A week after US regulators rejected the firm’s new combination treatment MK-0524A, Merck & Co has announced plans to cut 1,200 sales jobs in the country.

The move represents part of the New Jersey-based drugs giant’s previously-announced reorganisation project, ‘Plan to Win’ which was launched at the end of 2005 and has to date led to the elimination of 8,100 jobs. The latest cuts will “optimise our cost base and improve Merck's effectiveness”, said Kenneth Frazier, president of the firm’s Global Human Health unit.

He added that "with eight successful launches of Merck products approved in the USA since 2006 now behind us, and with an unexpected delay in a new product approval”, the company has decided to “accelerate the achievement of efficiencies we anticipate gaining as we transition to our new commercial model in the USA".

Mr Frazier was referring to the US Food and Drug Administration’s decision last week to issue a not approvable letter for MK-0524A (extended-release niacin/laropiprant) for the treatment of primary hypercholesterolemia or mixed dyslipidemia. The move has taken the firm and analysts by surprise, seeing as how European regulators recommended approval just days before for the drug. That decision came just a day after the FDA rejected a proposed fixed combination of Merck’s Singulair (montelukast) and Schering-Plough’s Claritin (loratadine) for the treatment of allergic rhinitis symptoms in patients who want relief from nasal congestion.

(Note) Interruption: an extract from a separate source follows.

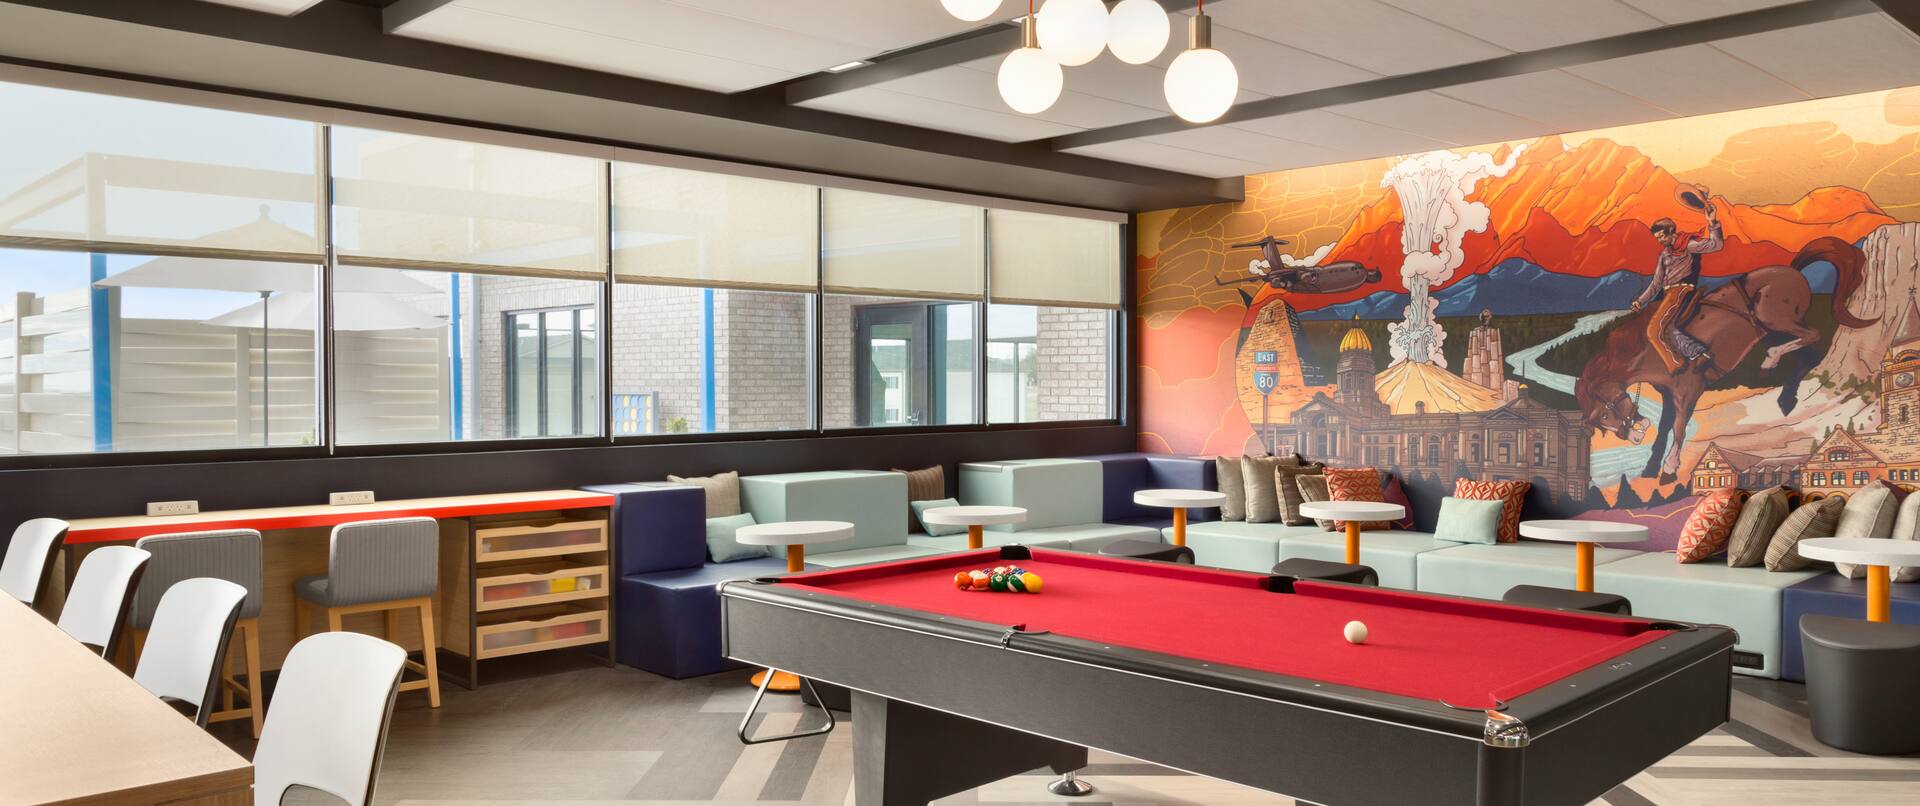 Hotel Billiards Room with Pool Table
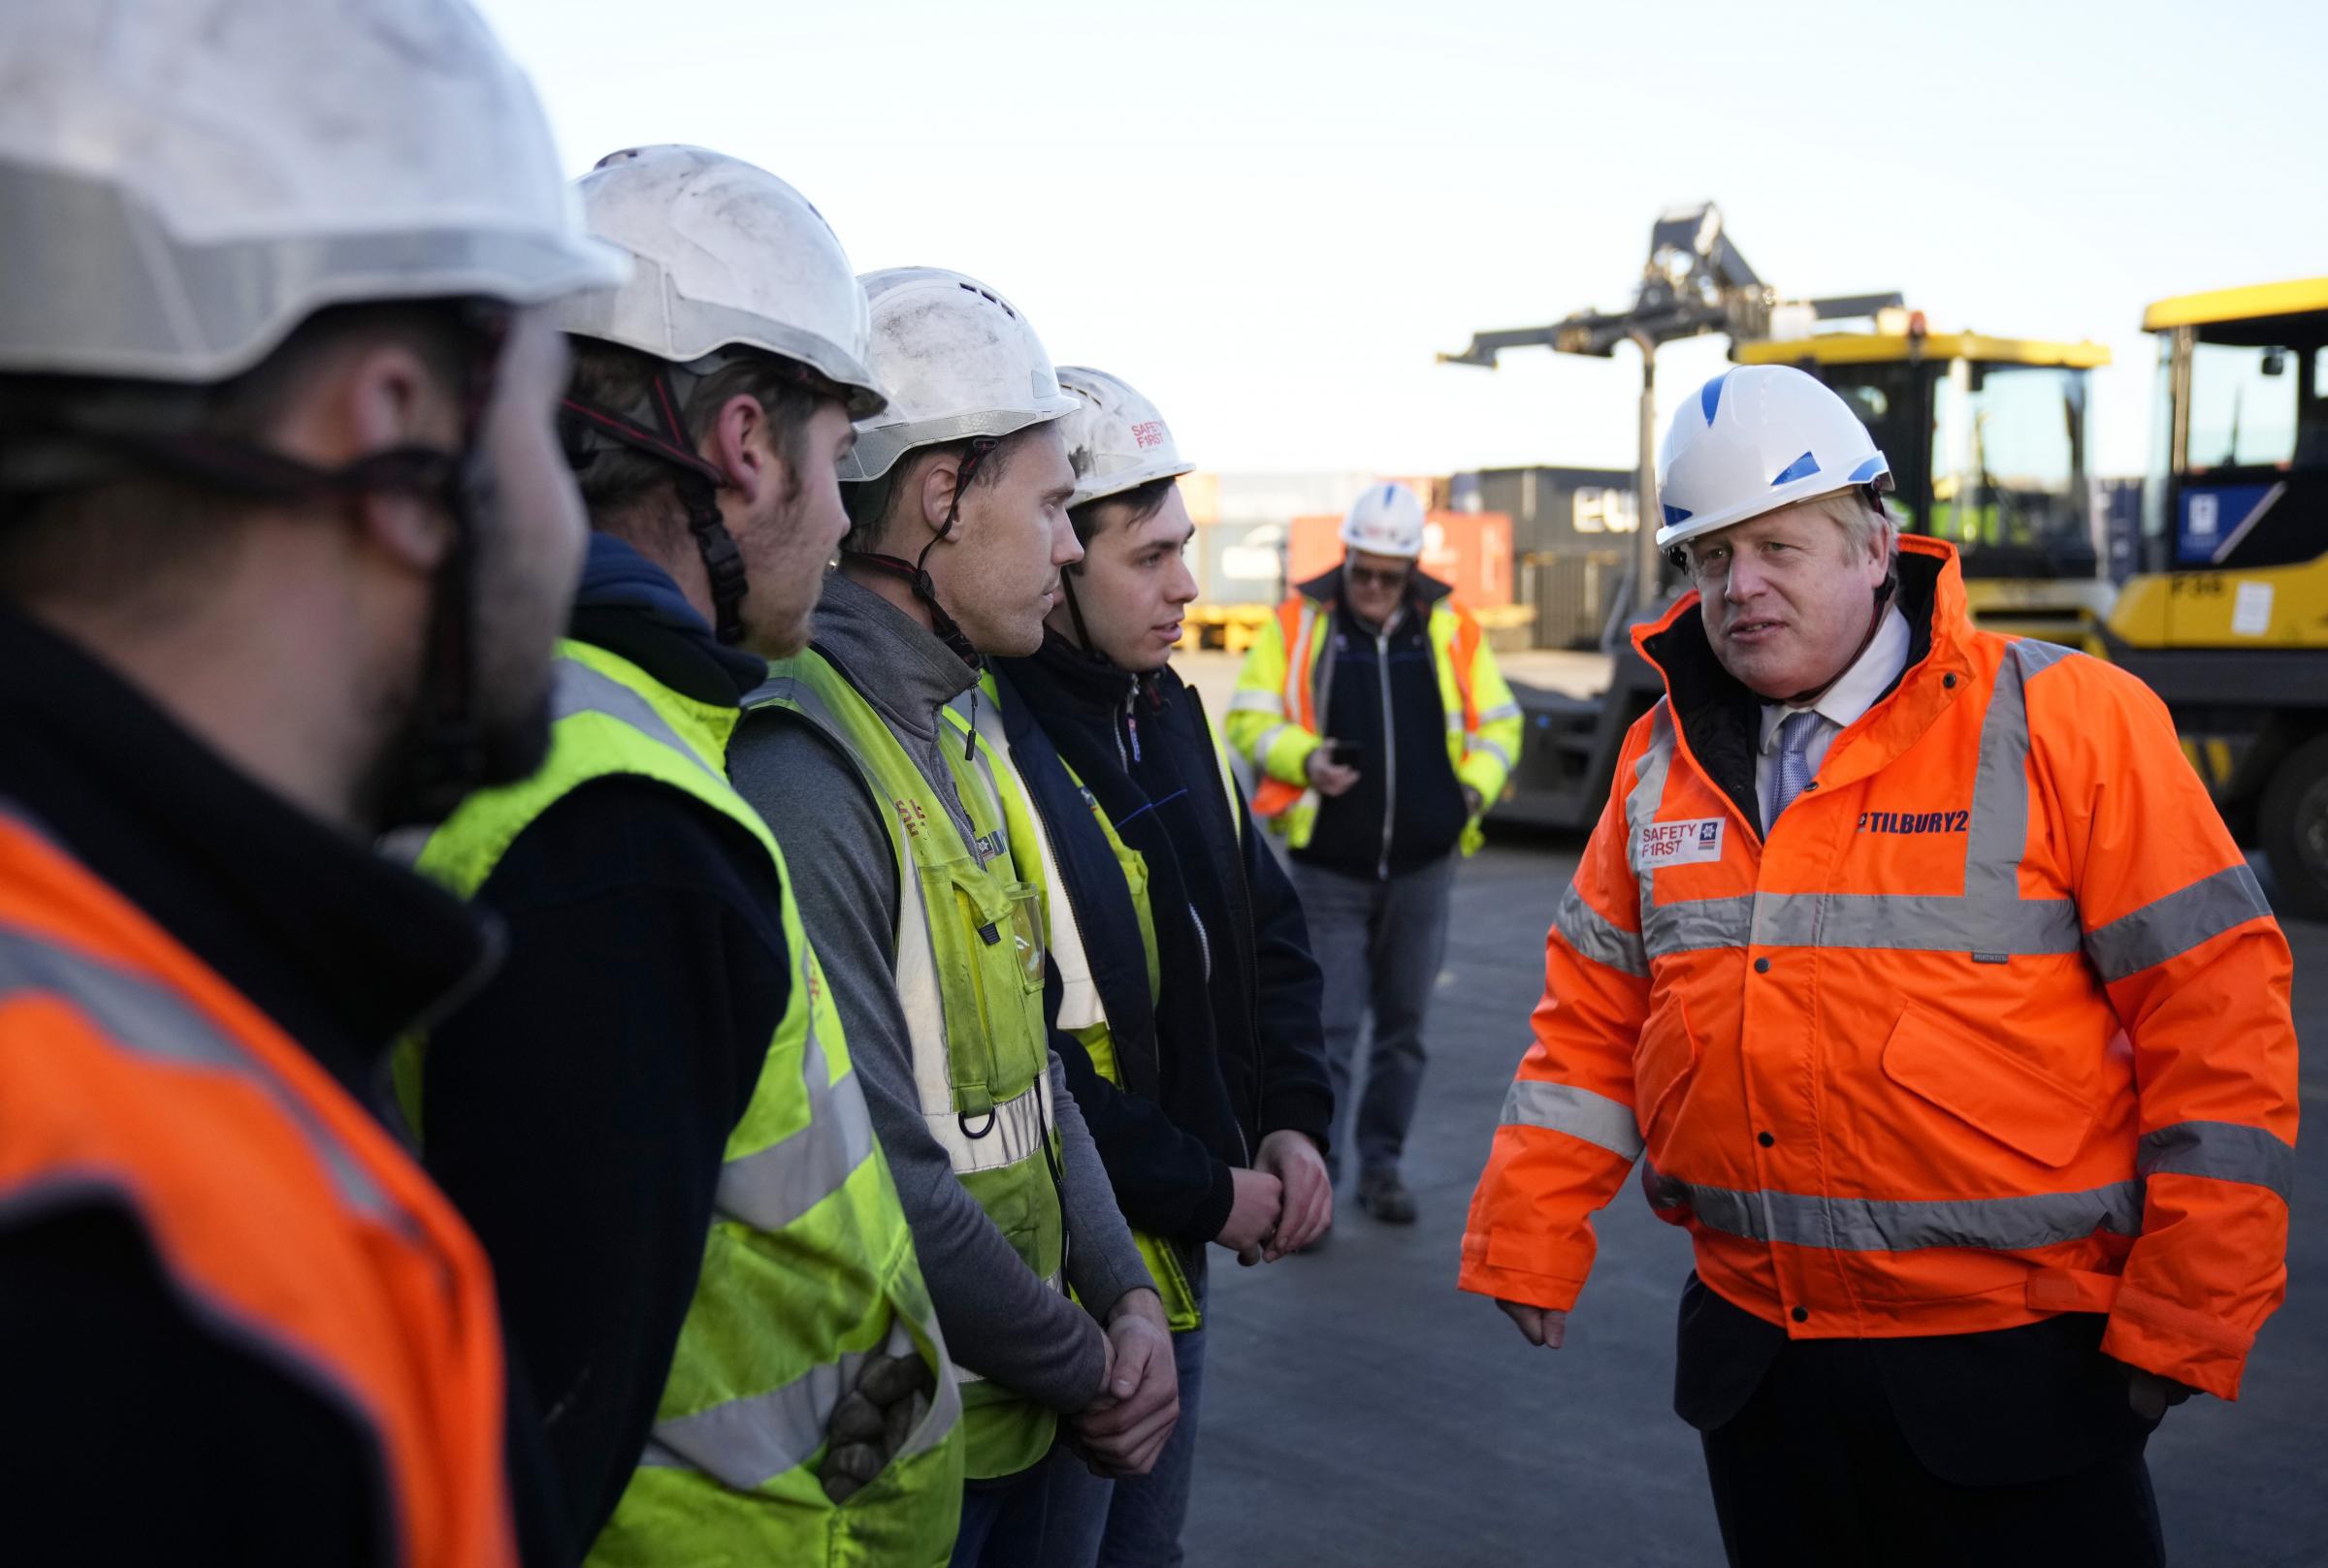 Prime Minister Boris Johnson speaks with workers during a visit to Tilbury Docks in Essex. Picture date: Monday January 31, 2022.

Merck said that the job cuts, which will be completed by the end of July, will not cause any disruption in its service to customers. It concluded by saying that its employees will be treated with “fairness and respect” as this “difficult but necessary action” is taken.

The latest round of cuts, combined with 400 sales jobs eliminated last year, will affect about 20% of Merck’s 8,500-strong field force in the USA.